The permutations that would have denied him seemed unlikely: Juan Martin del Potro had to beat Roger Federer in three sets and by such a scoreline that those two players would have a better games percentage than Murray.
Incredibly that is exactly what transpired, with Del Potro taking the second semi-final spot by virtue of having won 45 games and lost 43 while Murray's record was 44-43.
The Scot looked safe at 3-3 in the decider, Federer needing only to win another game to eliminate Del Potro. And it looked even better when he engineered three break points on the Argentinian's serve.
But amazingly those slipped away and the world number one was promptly broken before Del Potro served out the 6-2 6-7 (5/7) 6-3 victory with an ace.
The margins - only 0.5% separated the pair - were so small that none of the three players, or the packed O2 Arena, knew the outcome and it took almost half an hour for the ATP to confirm Del Potro's progress.
Murray said on Twitter: "Anyone know what's going on?? I think I'm (out) but the rules aren't worded too well."
Earlier, the 22-year-old had defended the round-robin system, saying: "I don't actually think that it's that complicated but everyone makes it sound so complicated.

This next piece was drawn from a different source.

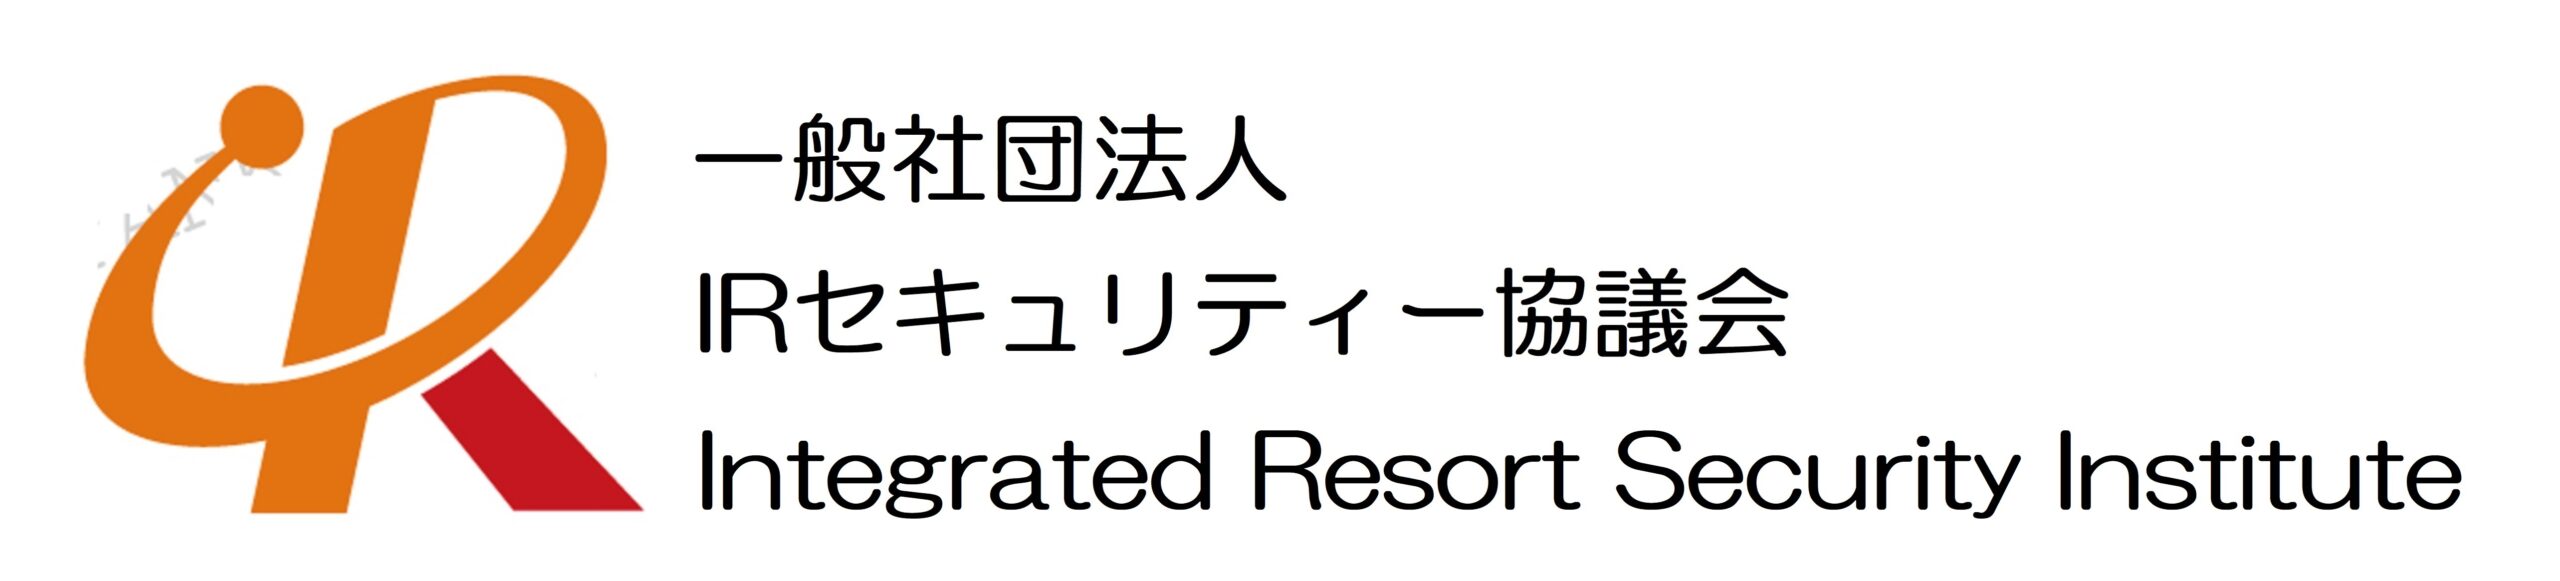 Integrated Resort Security Institute

The people that go through are the ones that deserve to."
Whether Murray feels the same this morning is perhaps doubtful but he will almost certainly be reflecting on the manner of his victory over Verdasco, where he had 13 break points but took only one and eventually needed a third-set tie-break to secure victory.
Federer, although expressing some sympathy for Murray, felt he was partly the architect of his own downfall.
The world number one said: "I definitely tried to push myself to close out matches as quickly as I can against fellow rivals because you never know when you might need those games. You always have to push yourself. The system is the way it is."
Murray, though, credited Verdasco for raising his game on the big points.
He said: "Maybe on two or three of them I had opportunities to do a little bit more with my return. Unfortunately, I can't play great on every point. But he came up with great shots and great serves."
For Del Potro it was a second victory over Federer on the big stage, two and a half months after he beat the world number one in the final of the US Open.
And the Argentinian had no regrets about knocking out the home favourite, saying: "This is the sport. Just two players have to qualify. Maybe for the local public it is bad to not have the opportunity to see Murray in the semis, but they will see Federer and other good players."
The calculators could be back out at the O2 today for the conclusion of Group B, although there is only one place to play for after Robin Soderling qualified on Wednesday.
Rafael Nadal is already eliminated so the final spot will go to either Novak Djokovic, who takes on Nadal this afternoon, or Nikolay Davydenko, who plays Soderling in the evening match.